Strimzi Failure Modes

Coverage

Injection Type Danger Experiment Description
PodKill low cluster-operator/pod-kill.yaml Killing the cluster-operator pod triggers a Deployment rollout. Kafka clusters remain running.
NetworkPartition medium cluster-operator/network-partition.yaml Isolating the cluster-operator from the API server stalls Kafka cluster reconciliation.
LabelStomping high cluster-operator/label-stomping.yaml Overwriting a label on the cluster-operator Deployment tests OLM label reconciliation.
QuotaExhaustion high cluster-operator/quota-exhaustion.yaml Applying zero-limit ResourceQuota prevents new pod creation.
RBACRevoke high cluster-operator/rbac-revoke.yaml Revoking ClusterRoleBinding blocks Kafka resource reconciliation.
DeploymentScaleZero high cluster-operator/deployment-scale-zero.yaml Scaling the Deployment to zero replicas. OLM does not restore replicas.
LeaderElectionDisrupt medium cluster-operator/leader-election-disrupt.yaml Deleting the leader election Lease forces re-election.
ConfigDrift high cluster-operator/config-drift.yaml Corrupting operator configuration tests self-healing.

Experiment Details

cluster-operator

cluster-operator-pod-kill

  • Type: PodKill
  • Danger Level: low
  • Component: cluster-operator

Killing the Strimzi cluster-operator pod triggers a Deployment rollout that recreates it. Existing Kafka clusters remain operational since they run independently.
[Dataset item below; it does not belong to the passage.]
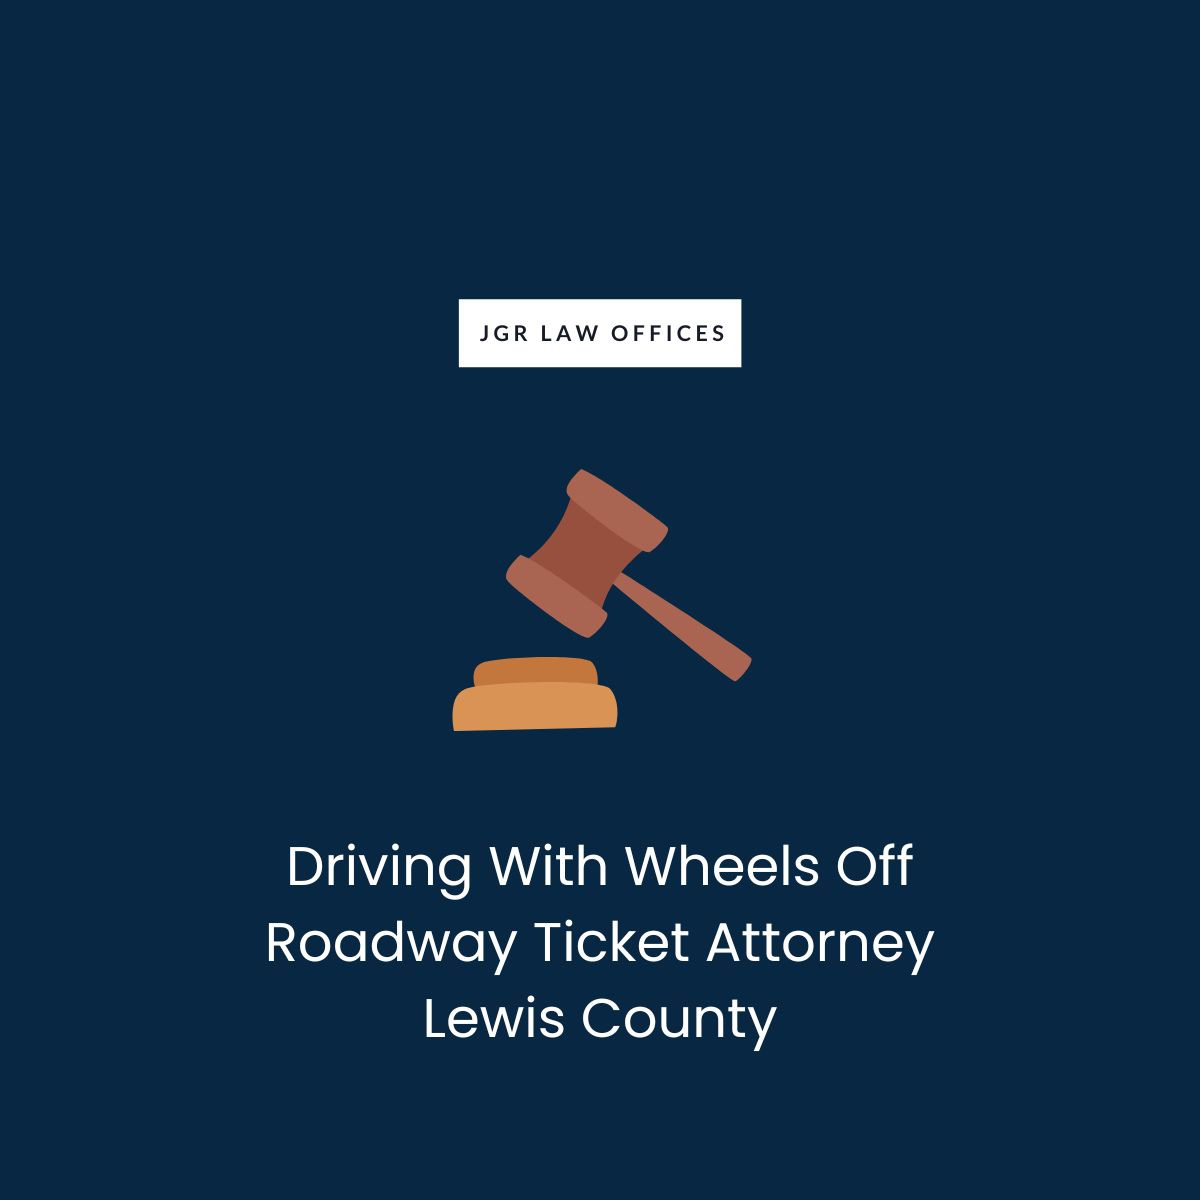 Driving With Wheels Off Roadway Ticket Attorney Lewis County

cluster-operator-network-partition

  • Type: NetworkPartition
  • Danger Level: medium
  • Component: cluster-operator

Isolating the cluster-operator from the API server stalls Kafka cluster reconciliation. Existing clusters continue serving traffic. After the partition is lifted, the operator reconnects and processes backlogged reconciliation events.


cluster-operator-label-stomping

  • Type: LabelStomping
  • Danger Level: high
  • Component: cluster-operator

Overwriting a label on the cluster-operator Deployment tests whether OLM detects and restores the label.


cluster-operator-quota-exhaustion

  • Type: QuotaExhaustion
  • Danger Level: high
  • Component: cluster-operator

Applying a zero-limit ResourceQuota to the namespace prevents new pod creation. The chaos framework removes the quota via TTL-based cleanup.


cluster-operator-rbac-revoke

  • Type: RBACRevoke
  • Danger Level: high
  • Component: cluster-operator

Revoking the cluster-operator's ClusterRoleBinding blocks Kafka resource reconciliation. The pod remains running but cannot manage Kafka clusters. After rollback, reconciliation resumes.


cluster-operator-deployment-scale-zero

  • Type: DeploymentScaleZero
  • Danger Level: high
  • Component: cluster-operator

Scaling the cluster-operator Deployment to zero replicas. OLM does not automatically restore the replica count, making this a Degraded finding.


cluster-operator-leader-election-disrupt

  • Type: LeaderElectionDisrupt
  • Danger Level: medium
  • Component: cluster-operator

Deleting the leader election Lease forces the cluster-operator to re-acquire leadership. During re-election, reconciliation is temporarily paused.


cluster-operator-config-drift

  • Type: ConfigDrift
  • Danger Level: high
  • Component: cluster-operator

Corrupting the operator's configuration tests whether the operator or its controller can detect and restore correct configuration values.